The Lieutenant's Lover
Page 14
Tonya shook her head. ‘No, no.’
Thompson stood up, getting ready to leave the room. He looked down at Tonya and gave her a wink of encouragement and support.
She smiled back, then added, ‘I loved him very much. I’m sorry to ask you for something so foolish.’
He shook his head. ‘Nothing foolish about it. Enjoy your lesson.’
Thompson departed, leaving Tonya and Marta to the violin. But Tonya played this evening like a dunce, as though this was only her second or third time at the instrument. Marta was patient, but also exasperated. And Tonya? She didn’t know how she felt. Once before with Thompson there had been this feeling, of a sudden slippage of emotion, like a roof suddenly shedding its burden of snow in the spring thaw. The first time it had been to do with the Gulag, her lost fingers, the pain and awfulness of those first days. And now it was to do with something still closer to her heart: Misha, her first and only true love. Here in Berlin, in Germany, it was he who seemed real, Rodyon who seemed far away and impossible to believe in.
Tonya played the violin for another fifty minutes. When she got into bed that night, she fell asleep instantly and didn’t dream about a single thing.
2
The jeweller removed his eyeglass with a sideways twist of his head, but the loose folds of skin over his eye still retained the circular imprint. He tapped the identity documents in front of him.
‘A routine matter.’
‘Good. And how much do you charge for a routine matter?’
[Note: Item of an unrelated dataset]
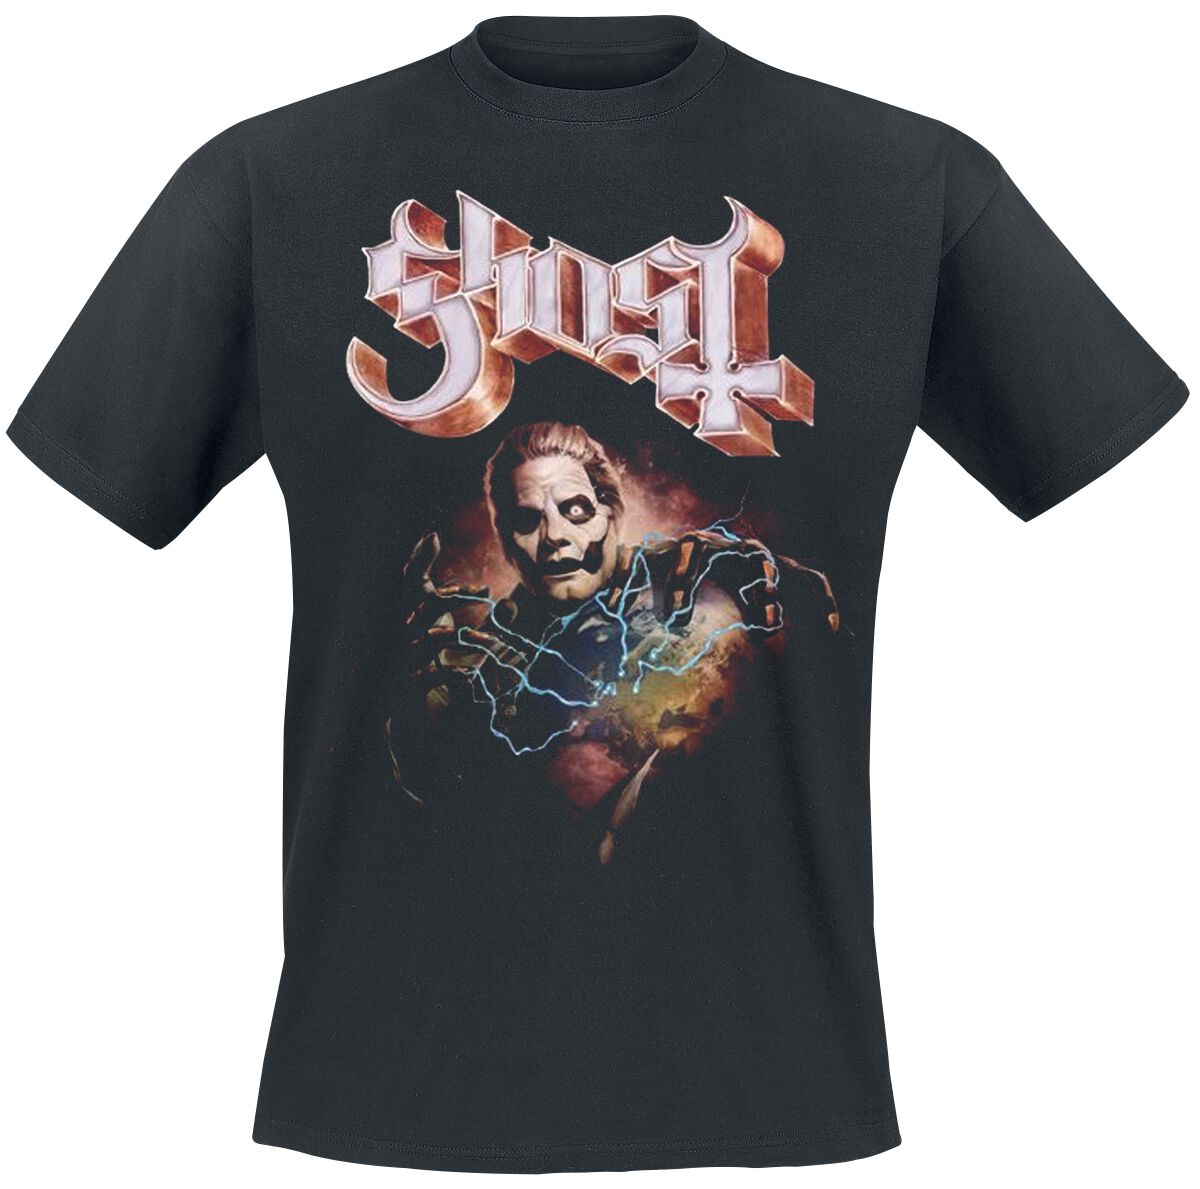 Ghost T-Shirt - Europe 23 Admat Tour Shirt - S bis 4XL - für Männer - Größe XL - schwarz  - Lizenziertes Merchandise!
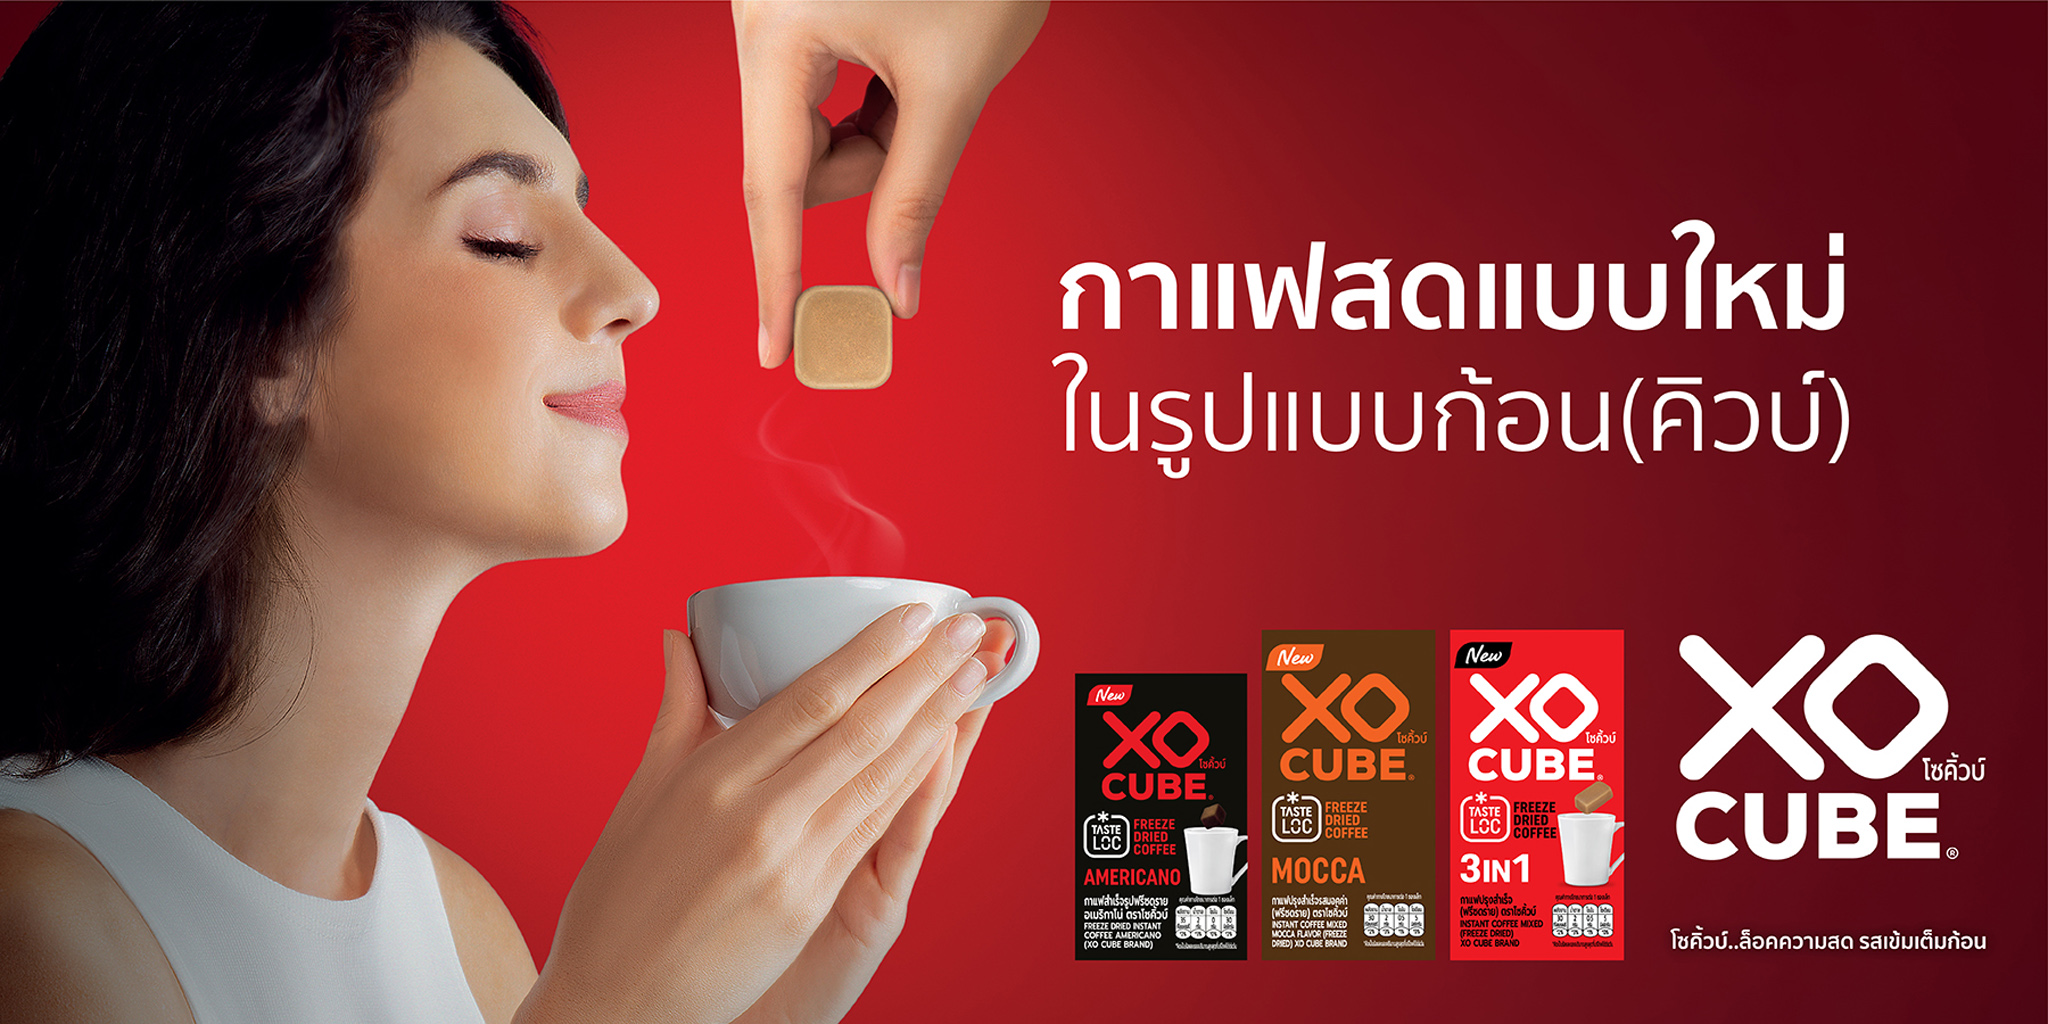 ใหม่ท้าให้ลอง!! “โซคิ้วบ์ - XO CUBE” กาแฟสดรูปแบบก้อน Freeze Dried เจ้าแรกในไทย “ล็อคความสด รูปแบบก้อน”

‘How much? To convert a Malevich into a Müller? We may say four hundred cigarettes.’
Misha grimaced. He had three hundred cigarettes in a cardboard carton and the boxful represented his entire stock of savings. ‘Can we say three hundred? I have it here.’
The jeweller rubbed his eyes, blotting out the circular mark. He sighed, as though making a small fortune from forging identity papers was just one of the crosses he had to bear.
‘Very well then. Sit.’
The jeweller’s room lay just near the Schlasisches Tor in the Soviet sector. Since all the watches and most of the jewellery once owned by Berliners now adorned the wrists and necks of the Red Army and their wives back home, the jeweller had turned his hand to the closely related trade of document forgery. Perhaps, Misha wondered, the jeweller had had the same profession in Hitler’s time. In any case, the man had a reputation for knowing his business. His little office had a huge glass window overlooking the road, for the light presumably, and the narrow workbenches were crammed with the intricate clutter of his trade. The heavy snow-laden sky outside filled the apartment with clear grey light, toneless and impartial.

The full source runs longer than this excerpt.